The reply should consist solely of the lines from the one that holds "Sanyo DSR-3009P Power" through the last line of the material, reproduced exactly; no pictures belong in it.

## Material provided

************

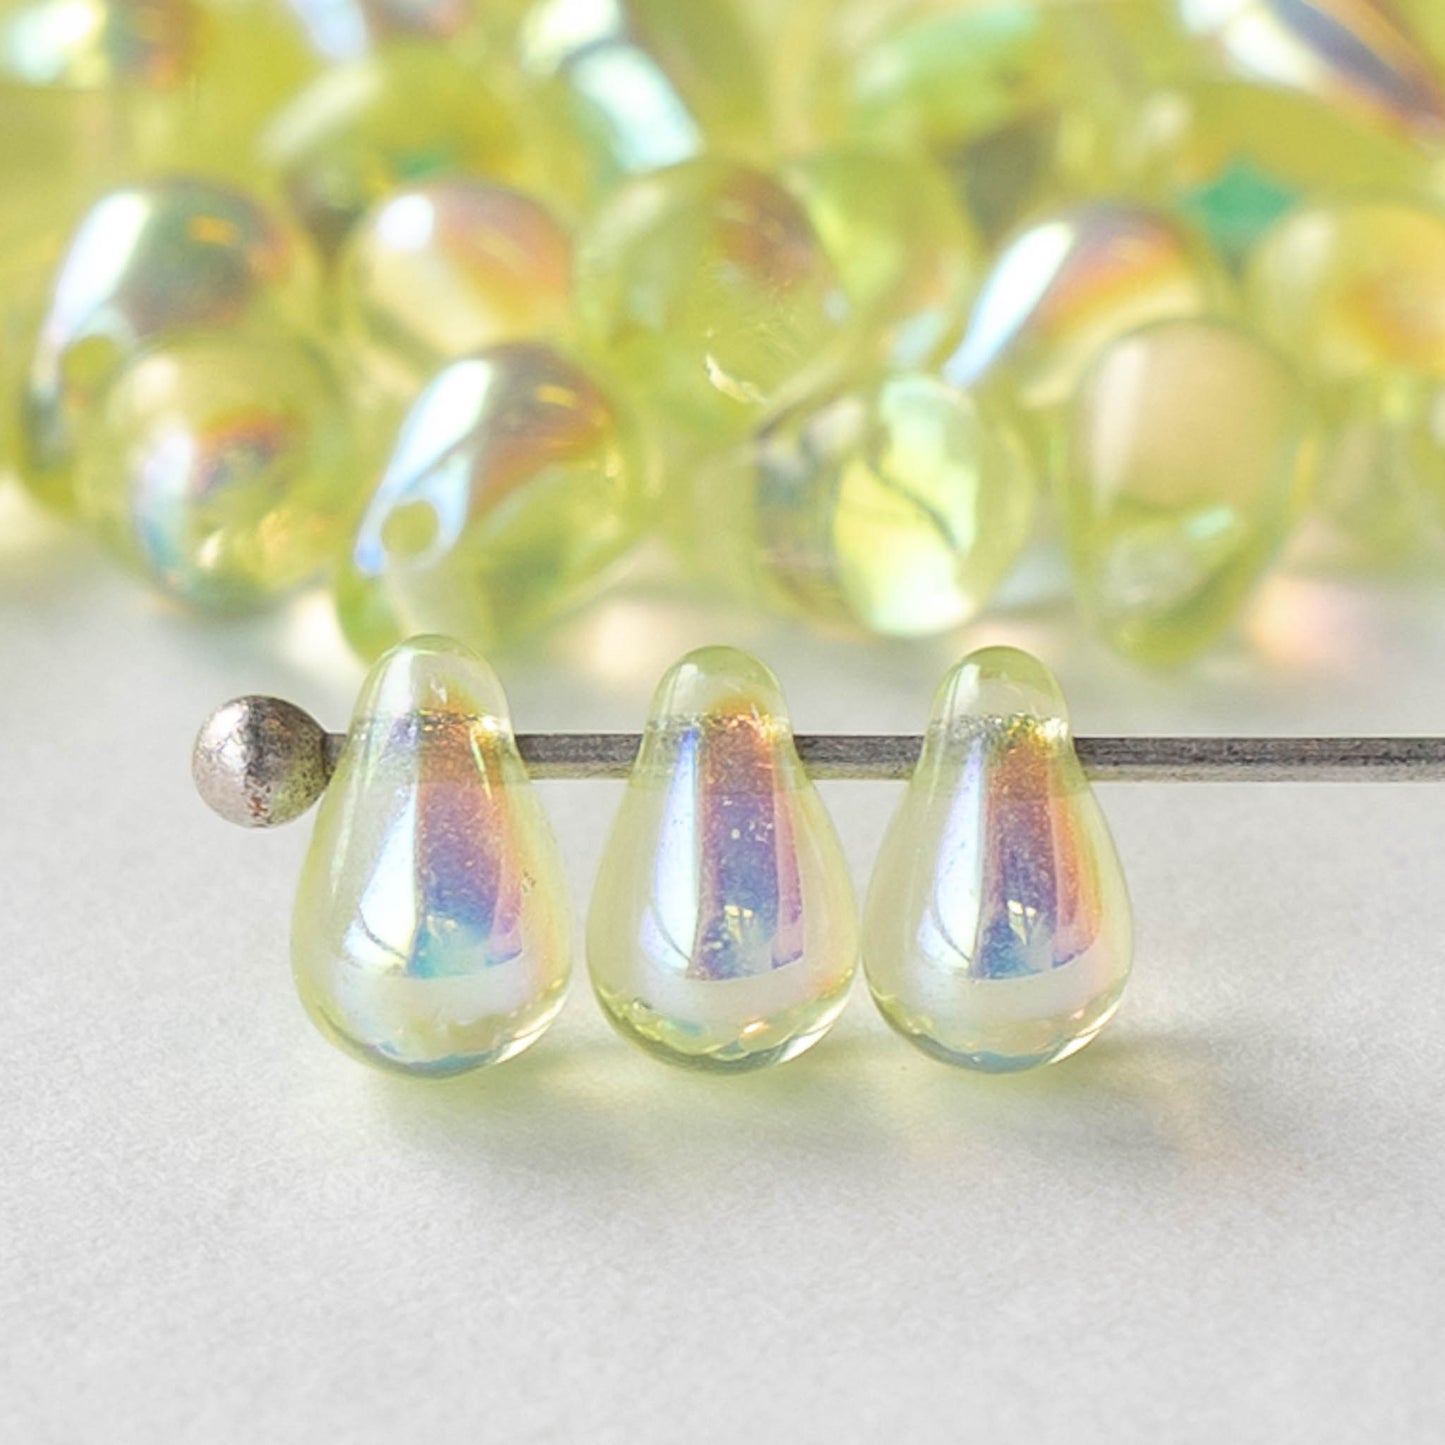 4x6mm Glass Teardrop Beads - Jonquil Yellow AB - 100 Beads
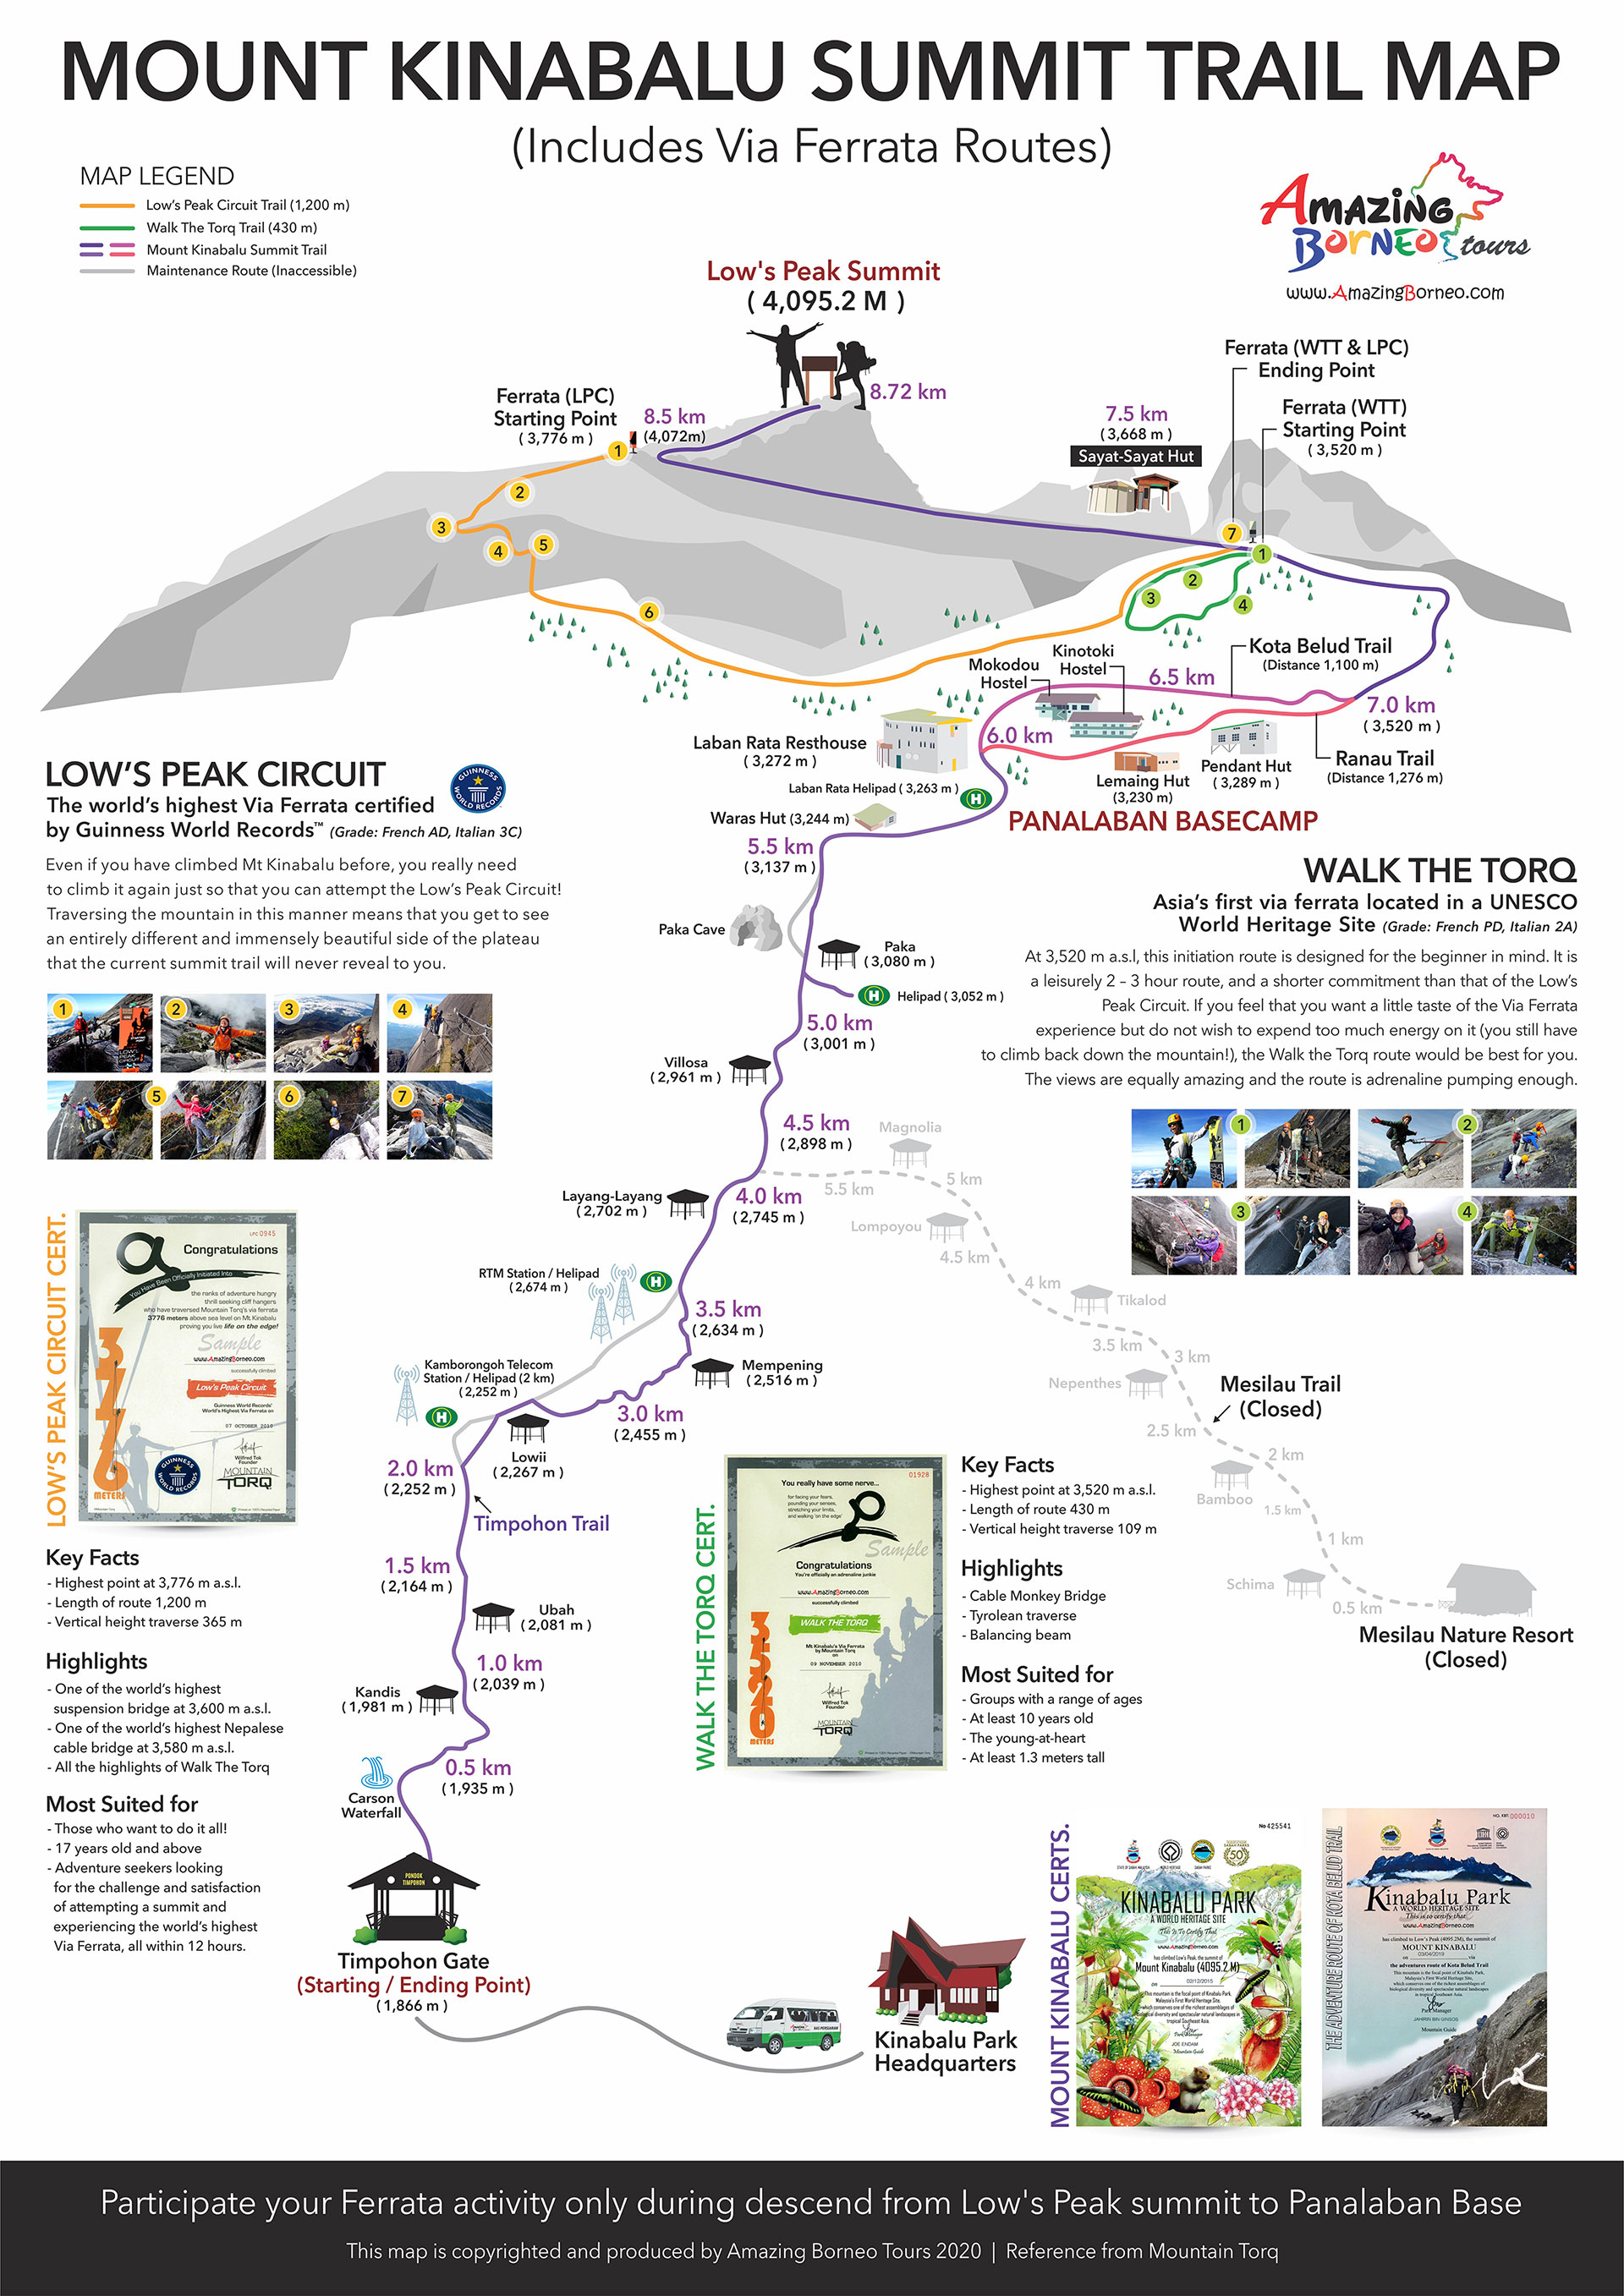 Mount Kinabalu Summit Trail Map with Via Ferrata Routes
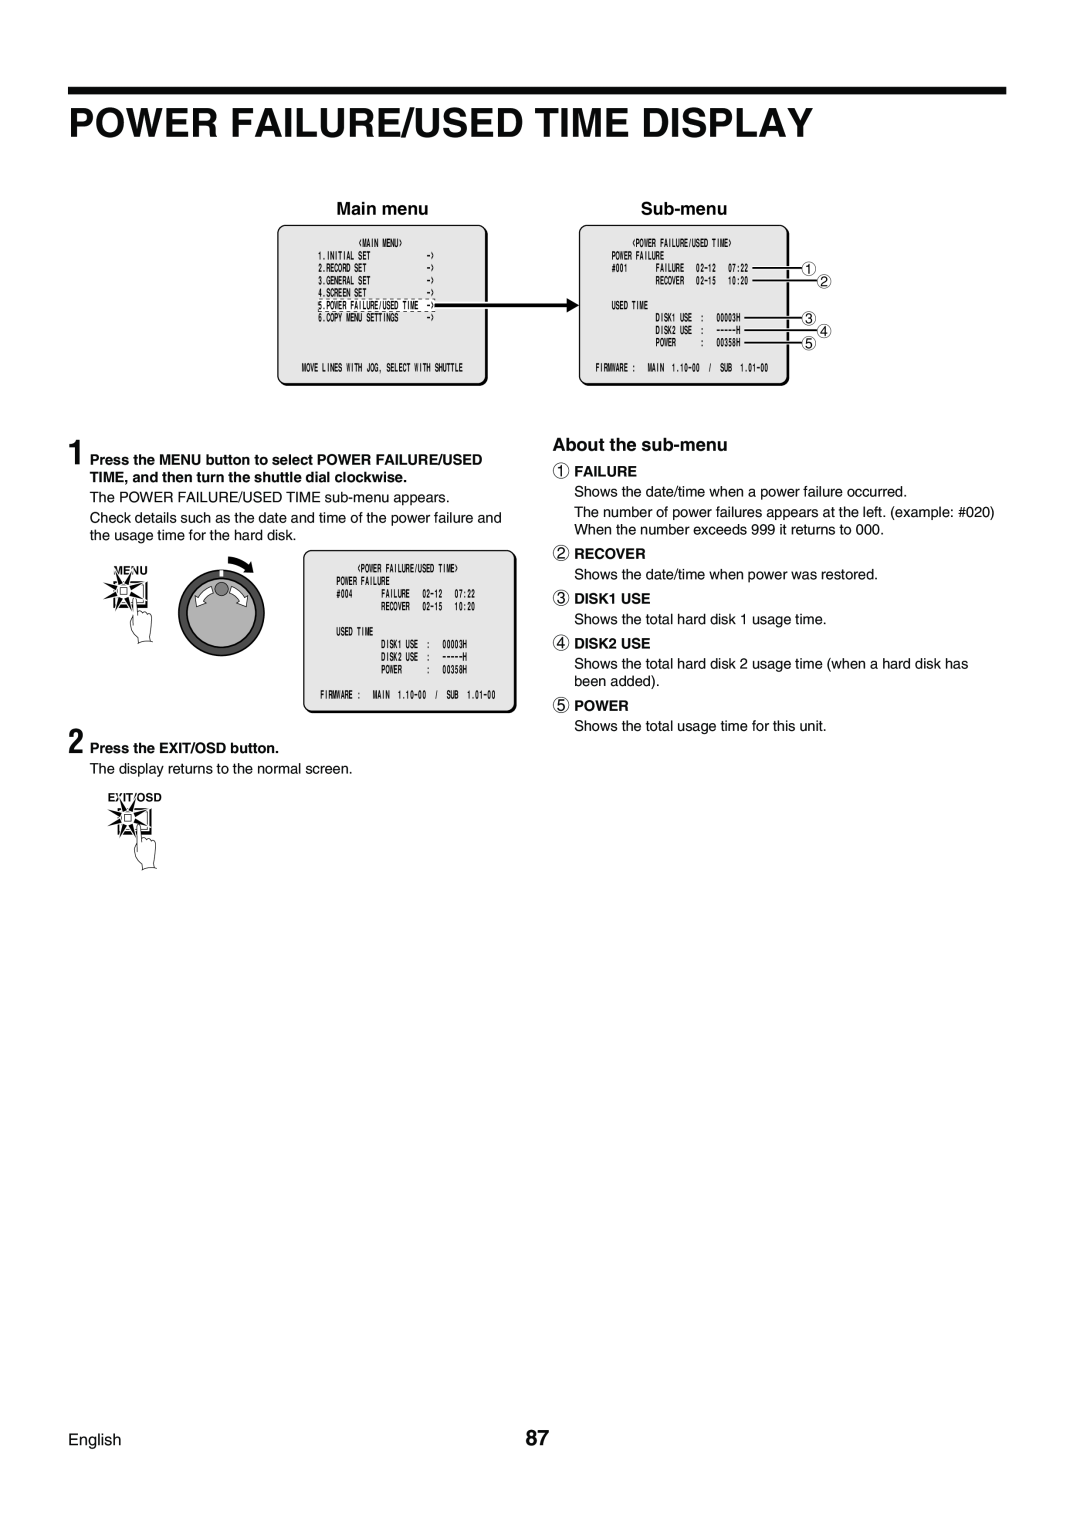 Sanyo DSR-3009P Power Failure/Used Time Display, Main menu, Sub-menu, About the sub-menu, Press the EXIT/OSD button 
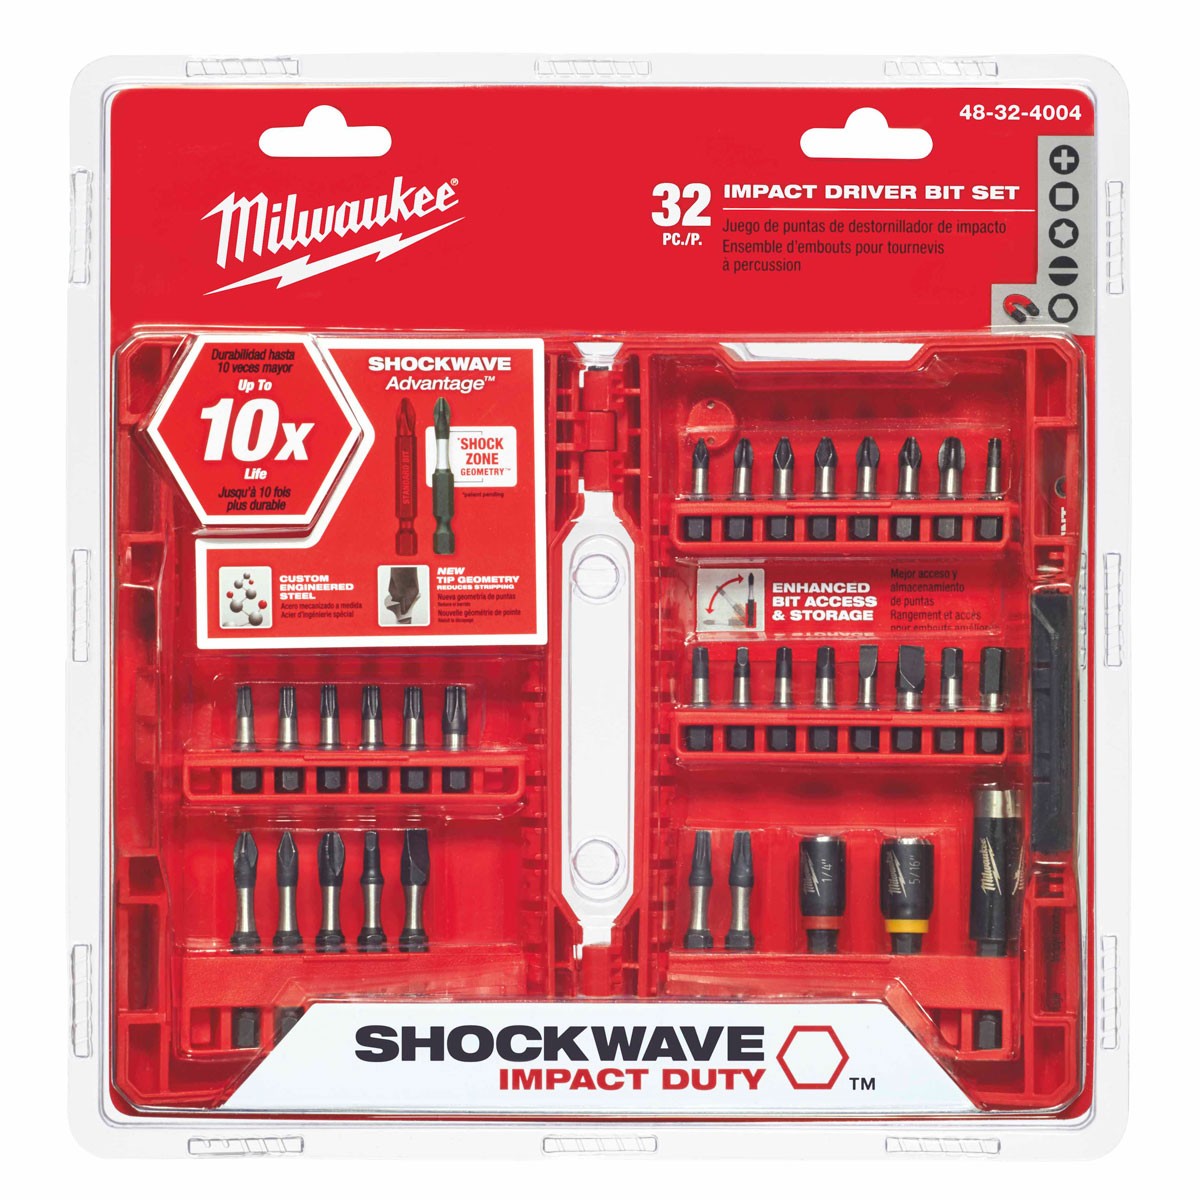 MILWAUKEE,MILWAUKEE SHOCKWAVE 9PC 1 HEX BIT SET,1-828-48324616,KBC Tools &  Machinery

************

## The answer
 Sanyo DSR-3009P Power Failure/Used Time Display, Main menu, Sub-menu, About the sub-menu, Press the EXIT/OSD button 
 MILWAUKEE,MILWAUKEE SHOCKWAVE 9PC 1 HEX BIT SET,1-828-48324616,KBC Tools &  Machinery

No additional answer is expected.